Write down any three difference between data acquisition and data exploration.
Answers
Answer:
Data acquisition: Getting the data either from a primary source (i.e. collecting the data yourself e.g. by tracking custom events in your app, conducting a survey or by running an experiment) or from a secondary source (e.g. purchasing a data set from Bloomberg or downloading it from Kaggle etc.).
Data cleaning: Subset of data preparation.

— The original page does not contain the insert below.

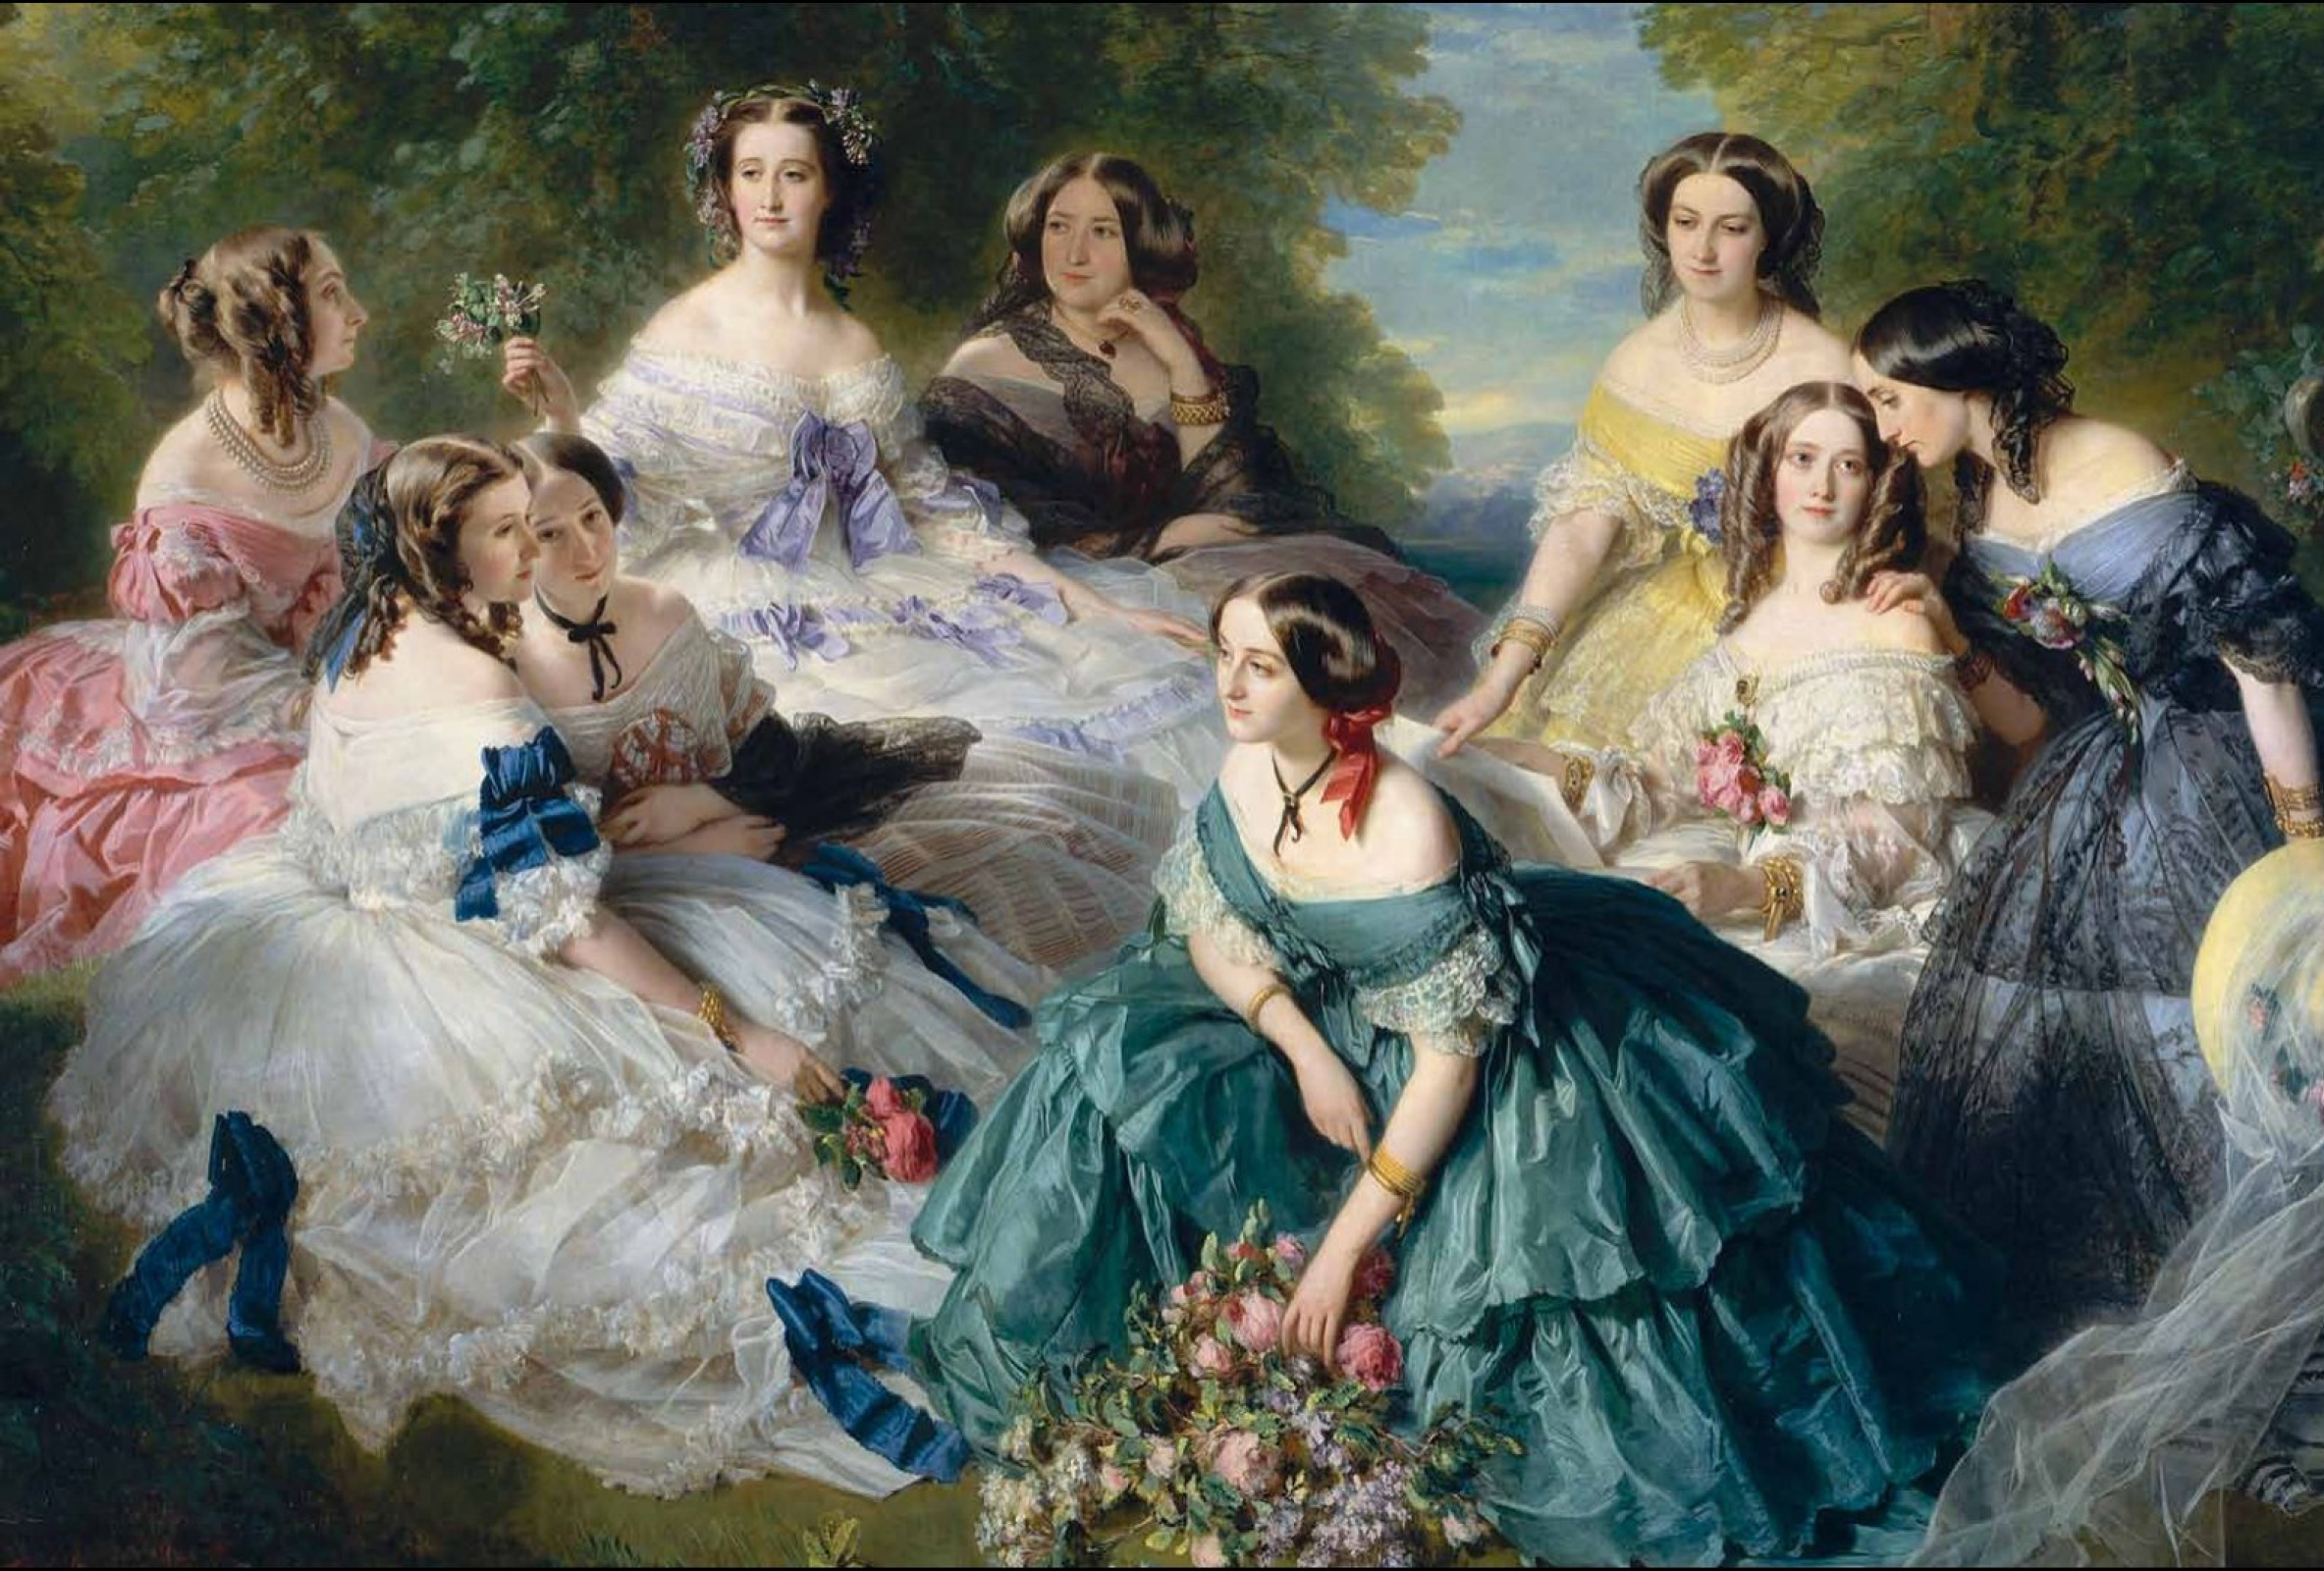 The Empress Eugenie with her ladies in waiting ( Empress eugénie

First, removing any issues related to data type (e.g. casting data to the correct data type, remove leading & trailing spaces, checking for unwanted truncations, encoding issues, etc.). Second, detecting and removing duplicates (that might be fuzzy, i.e. not exactly identical) and finding potential inconsistent values. Inconsistencies can be found by defining and applying business rules, e.g. shipping_weight is in range (0.1, 5) or by applying outlier detection methods ( statistical or machine learning approaches) - here is a blog post with a simple explanation on outlier detection.

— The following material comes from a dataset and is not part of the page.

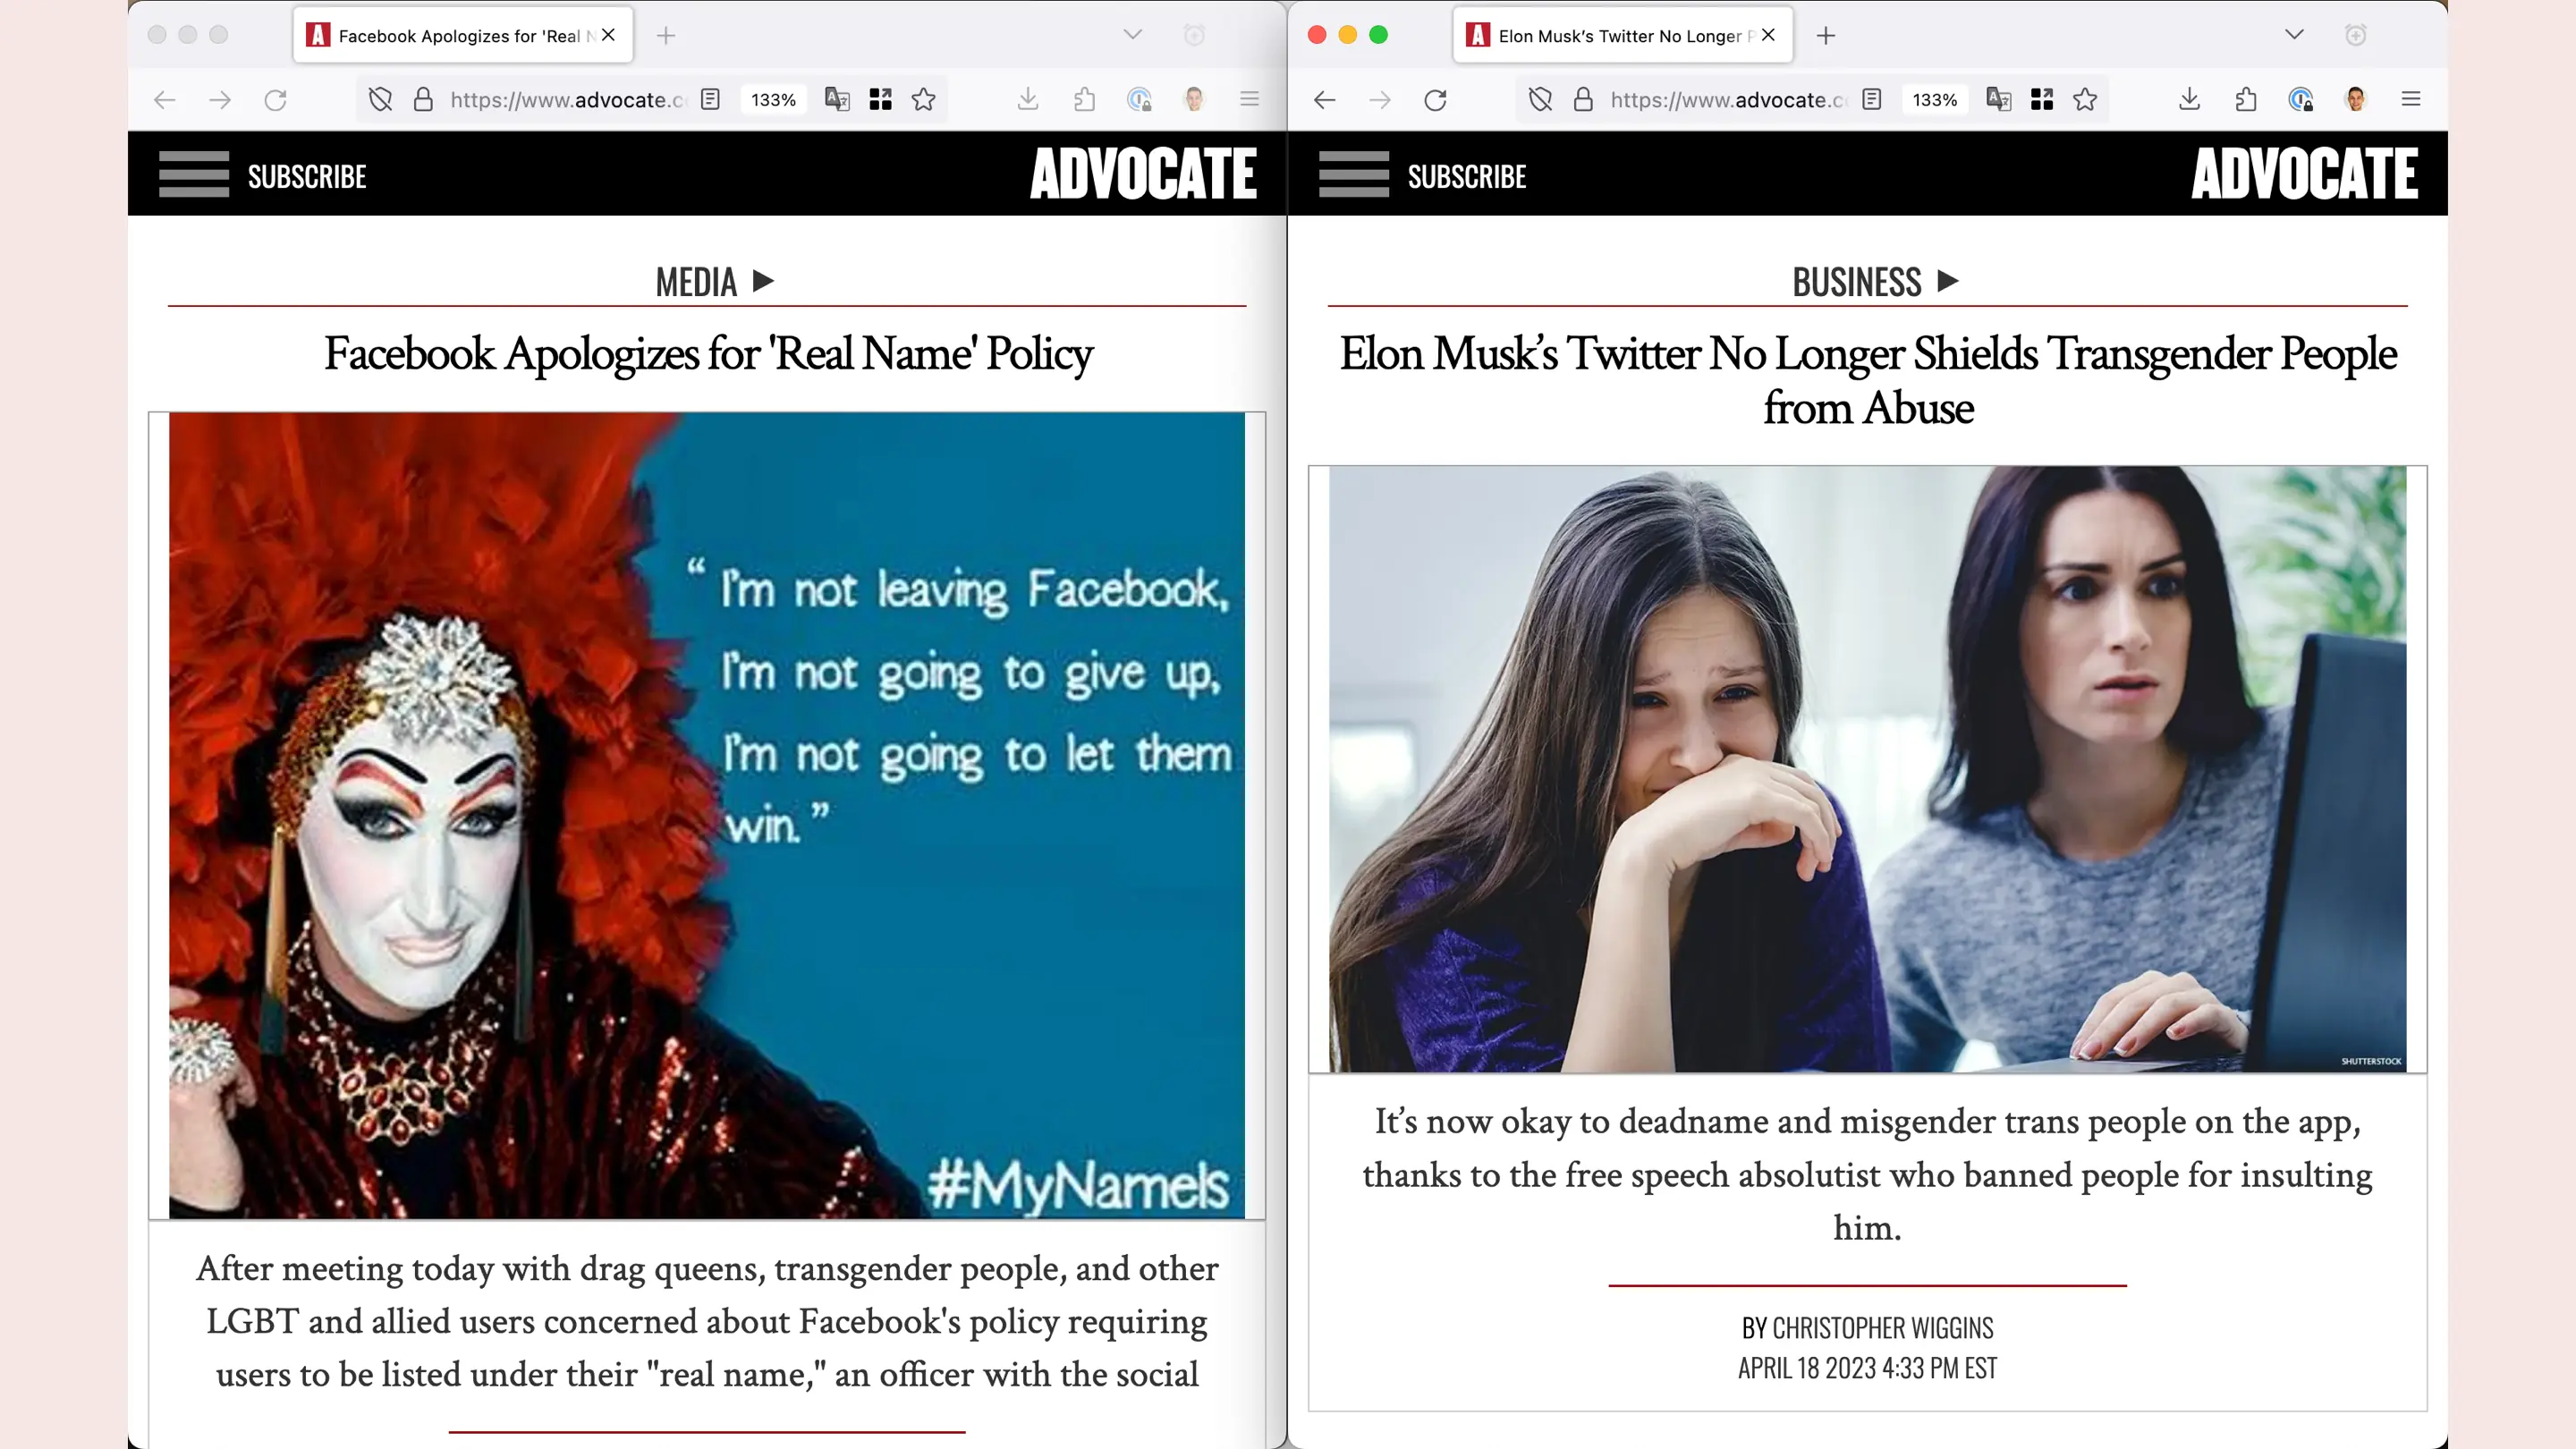 Screenshots of 2 articles from Advocate. Headlines: Facebook apologies for real name policy. Elon Musk's Twitter no longer shields transgender people from abuse.

Data preparation: Includes data cleaning and data integration. Data integration means to combine different data sets, potentially coming from different sources. Challenges here are to find keys for the combination of data sets (i.e. attributes that can be used to match the records). Another challenge might be that those keys could slightly differ in different sources if you do not have a unique ID (e.g. if you match via FirstName+LastName, one table could include a second first name while the other doesn’t). Here is a blog post explaining how to perform data preparation in Excel. For statistical analysis, I would add the process of generating and encoding variables to that definition of data preparation.
Answer:
Data Acquisition:
As the term clearly mentions, this stage is about acquiring data for the project. Let us first understand what is Data. Data can be a piece of information or facts and statistics collected together for reference or analysis. Whenever we want an AI project to be able to predict an output, we need to train it first using data. For example, If you want to make an Artificially Intelligent system which can predict the salary of any employee based on his previous salaries, you would feed the data of his previous salaries into the
machine. This is the data with which the machine can be trained. Now, once it is ready, it will predict his next salary efficiently. The previous salary data here is known as Training Data while the next salary prediction data set is known as the Testing Data.
Data Exploration:
While acquiring data, you must have noticed that the data is a complex entity – it is full of numbers and if anyone wants to make some sense out of it, they have to work some patterns out of it. For example, if you go to the library and pick up a random book, you first try to go through its content quickly by turning pages and by reading the description before borrowing it for yourself, because it helps you in understanding if the book is appropriate to your needs and interests or not.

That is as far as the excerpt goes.